Со смертью писателя, Анна Григорьевна принимается за распространение идей своего мужа, «всегда возвышенных и благородных», и с редкой неутомимостью выпускает одно за другим издания полного собрания его сочинений. Попутно она организует в Старой Руссе школу имени Достоевского и учреждает при Московском Историческом музее специальный отдел, в котором сохраняются вещи, принадлежавшие писателю, огромное количество его рукописей, полная иконография в оригинальных портретах и гравюрах, все издания произведений Достоевского и за немногими исключениями почти вся критическая литература о нем на самых разнообразных европейских и восточных языках. Основанный ею Музей побуждает Анну Григорьевну взяться за сложный и обширный библиографический труд — описание всего собранного ею, т. е. другими словами, к полному перечню всех изданий Достоевского и всех произведений о нем. Опубликованный ею в 1906 году «Библиографический указатель сочинений и произведений искусства, относящихся к жизни и деятельности Ф. М. Достоевского», обнимающий до 5000 нумеров представляет собой уникум русской литературной библиографии. Наконец, в довершение этого огромного, ответственного и трудного дела — организации литературного наследия и памяти Достоевского — Анна Григорьевна заполнила последние годы своей долголетней жизни работой над своими воспоминаниями, мимо которых не пройдет ни один писатель, интересующийся личностью и судьбой творца русского философского романа.

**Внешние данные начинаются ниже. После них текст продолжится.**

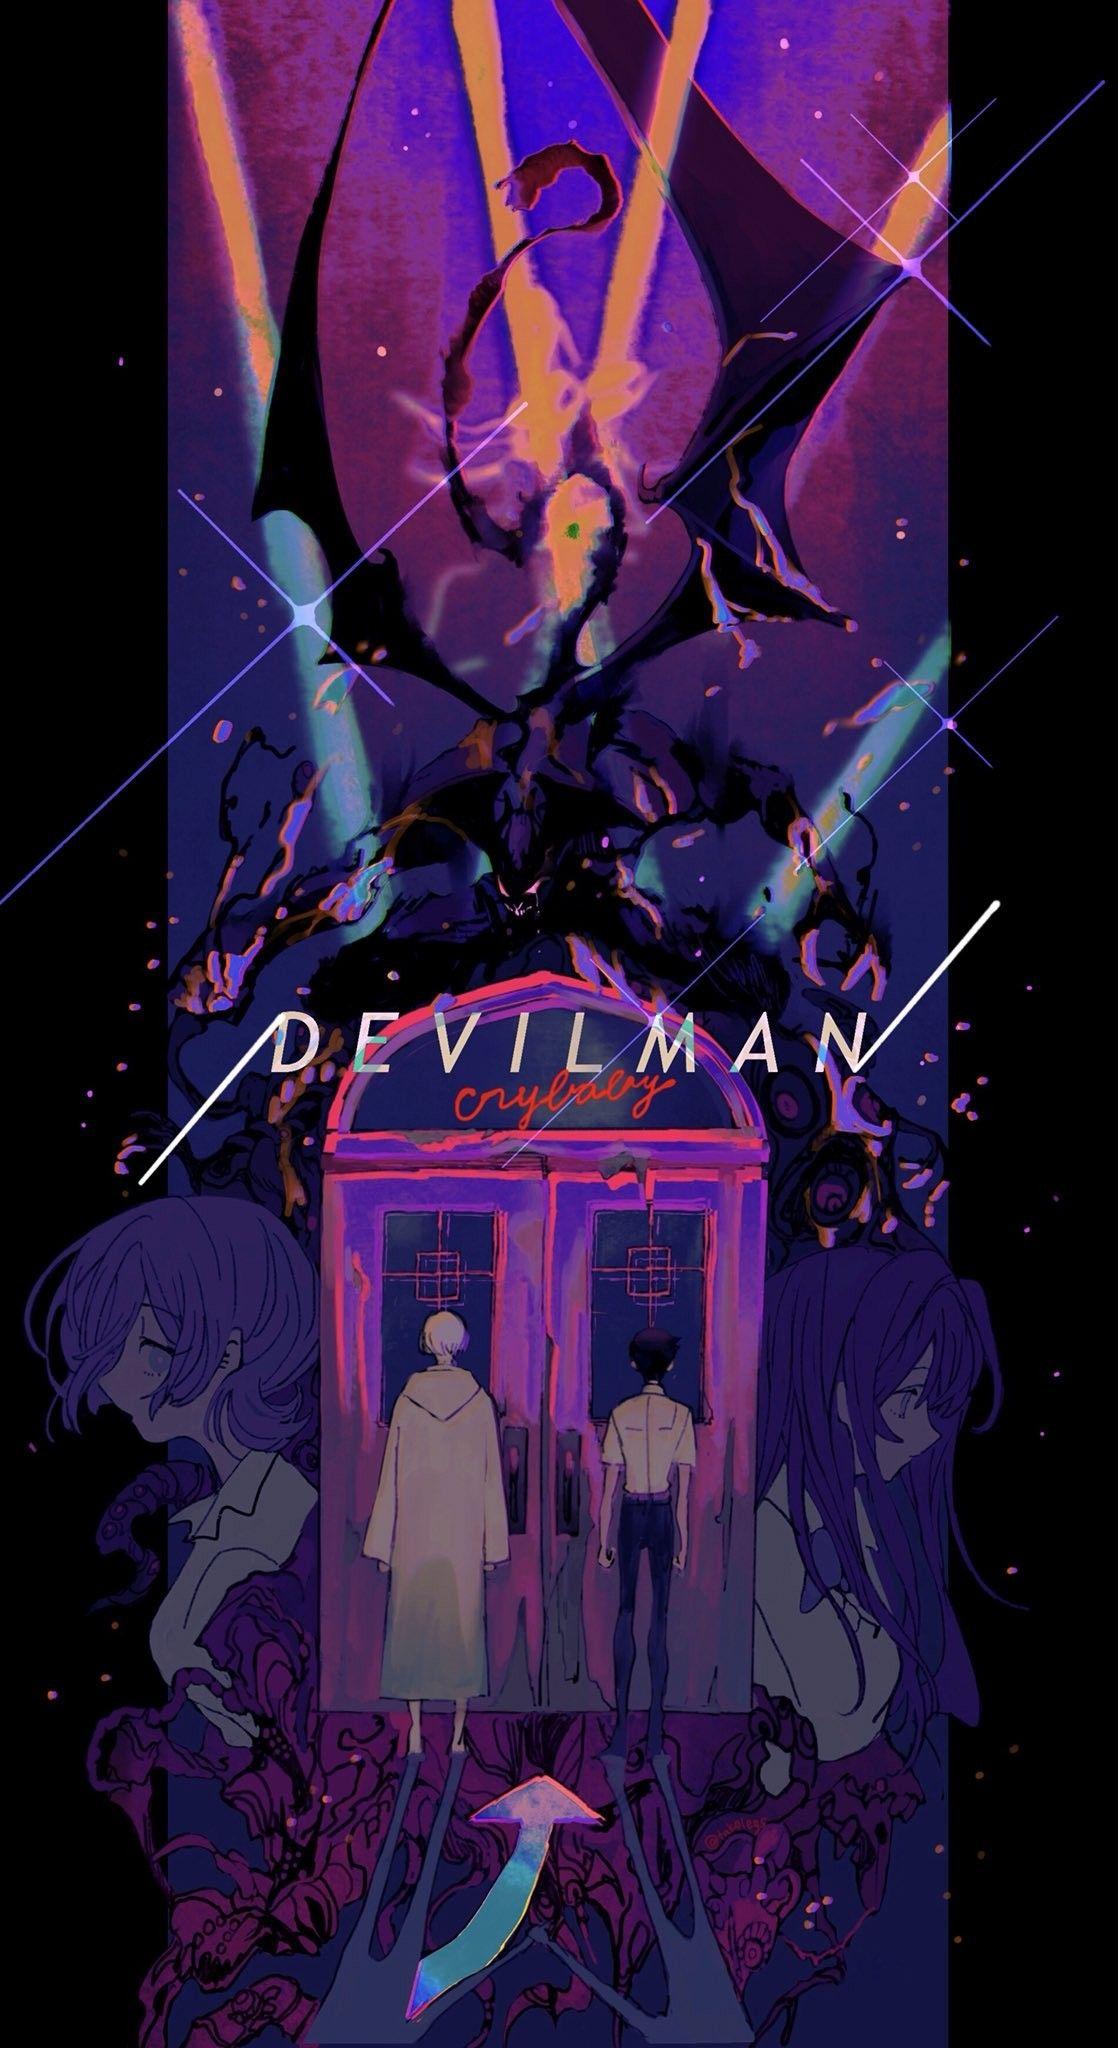 Ryo Asuka Akira Fudo Miki Makimura Miki Kuroda Anime Wall Art Anime Wallpaper Devilman Crybaby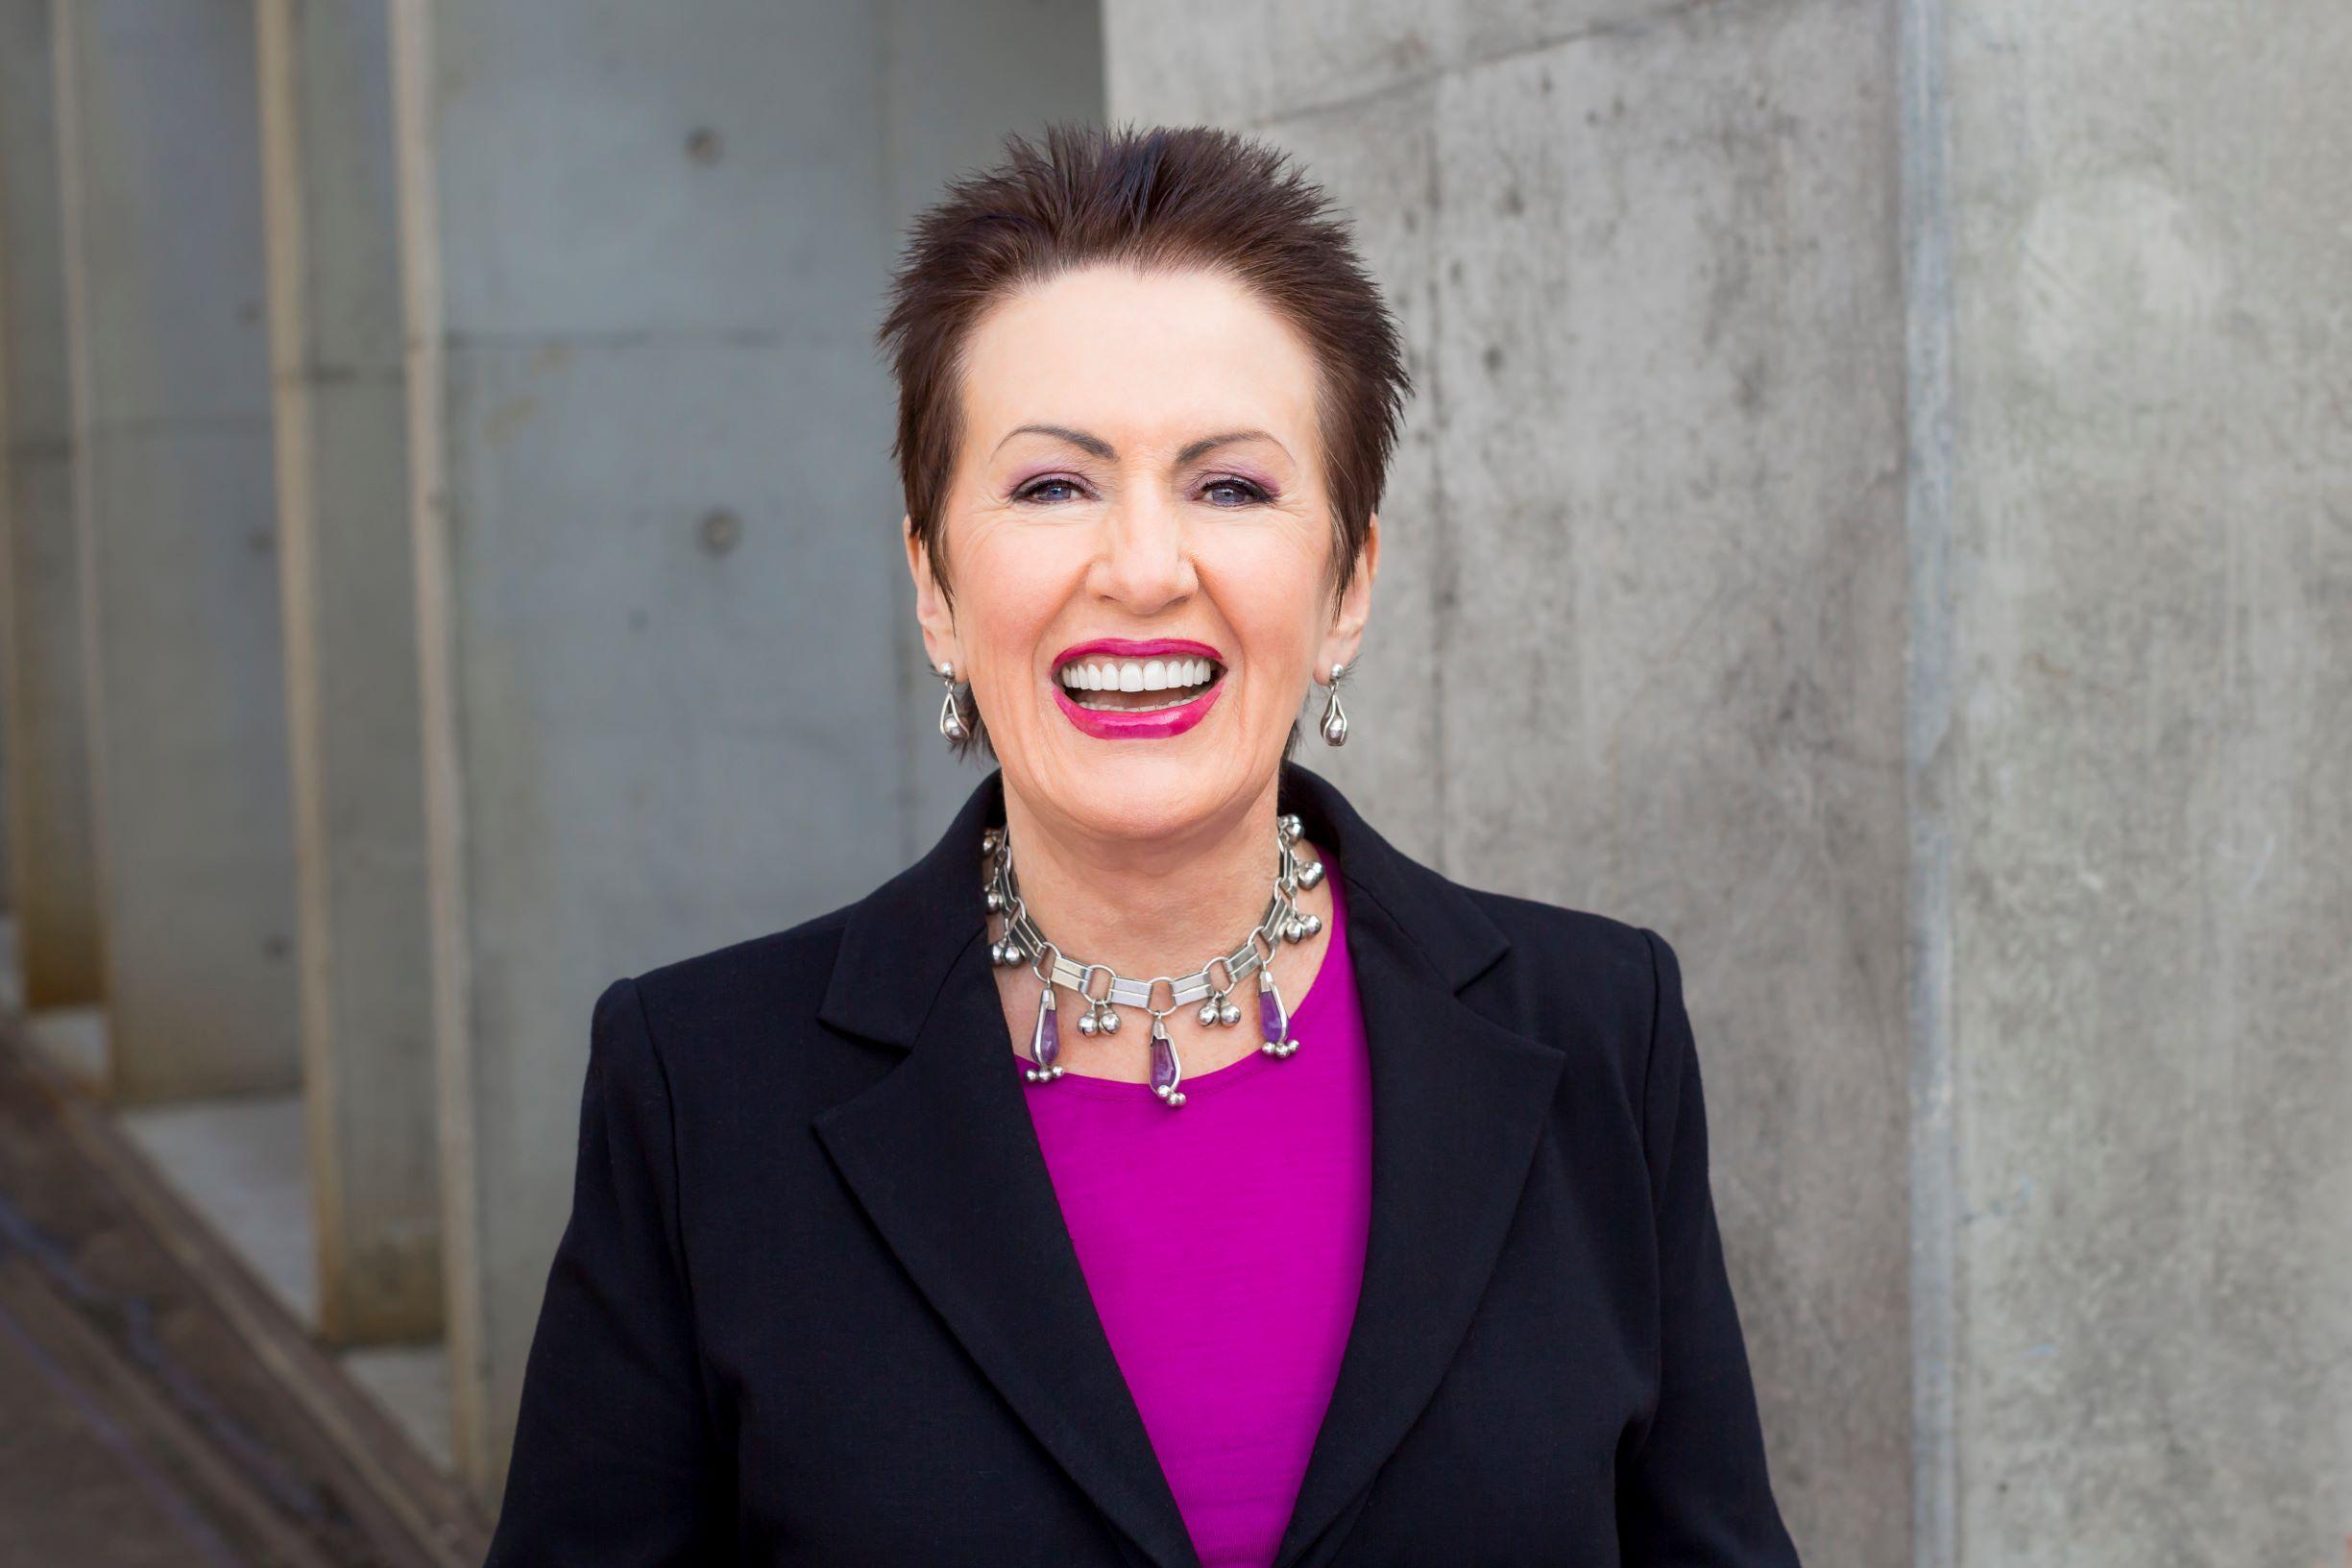 Saluting Sydney Women 2019

У Анны Григорьевны еще при жизни ее создалась репутация человека делового, практического, оборотистого, подчас даже доводящего до крайних пределов свою деловитость. Сложному издательскому делу, в котором она самоучкой достигла блестящих результатов, у нее приходили учиться совершенно незнакомые люди, вроде графини С. А. Толстой. В опубликованных недавно воспоминаниях ее дочери Любови Федоровны Достоевской говорится: «Достоевский был удивлен легкости, с которой моя мать складывала большие числа и владела тяжелым нотариальным языком».
Но эта практическая умелость Анны Григорьевны вызывала не мало нареканий по ее адресу и в конечном счете даже бросила довольно густую тень на ее облик, совершенно заслоняя от нас подлинные заслуги этой редкой труженницы. Еще при жизни Анны Григорьевны создалось мнение о ней, как о прижимистом дельце, и даже в печати появились памфлетические рассказы о жене знаменитого писателя, жившего и умершего в крайней нужде, но оставившего своей вдове литературное наследие, превращенное ею в огромный капитал. До сих пор принято характеризовать А. Г. Достоевскую, как сухого дельца, опытного бухгалтера и активного инкассатора. Если такие характеристики, видимо, не лишены оснований, ими во всяком случае далеко не исчерпывается личность и деятельность нашей мемуаристки.
Человек деловой, практический, знающий счет деньгам, Анна Григорьевна, конечно, в этом отношении была полной противоположностью детски наивного в денежных делах Федора Михайловича. Но этот контраст в их натурах, несомненно шел на пользу их общей жизни. Если сам Достоевский мог, как свидетельствует Анна Григорьевна, подписывать фиктивные векселя на огромные суммы, не решаясь отказать просителю, а подчас и ловкому дельцу, эксплуатирующему его доверие и младенческую непрактичность, Анна Григорьевна уже не только обережет его от таких сделок, но начнет активную борьбу с кредиторами, которую поведет умело, энергично и победоносно. Об этом свидетельствует целый отдел ее воспоминаний, в котором изложена тяжелая, упорная, изнурительная «борьба с кредиторами», обнаруживающая в жене писателя редкую энергию, сообразительность и даже, подчас, мужественную смелость.
Во всем этом, конечно, не мало практического умысла. Но едва ли можно упрекнуть за него Анну Григорьевну. Если мы вспомним, что этой «деловитостью» она не только оберегала спокойствие Достоевского, но, освобождая его от тяжелых забот, несомненно спасла его творчество, у нас едва ли хватит духу корить ее за излишний «практицизм». И если мы вспомним, прикинув соображения самого элементарного подсчета, что на 14 лет брака Достоевского падают 7 томов его полного собрания (т. е. больше половины всего написанного им за всю жизнь), то едва ли мы откажем деловитой Анне Григорьевне в нашей признательности и уважении. Если в результате ее житейской рассудительности для нас спасены хоть бы только несколько глав «Карамазовых» или «Бесов», которые могли бы при иных условиях никогда не увидеть света, то думается, что их переписчица заслуживает полного оправдания за свое умение наладить сносный жизненный режим своему мужу.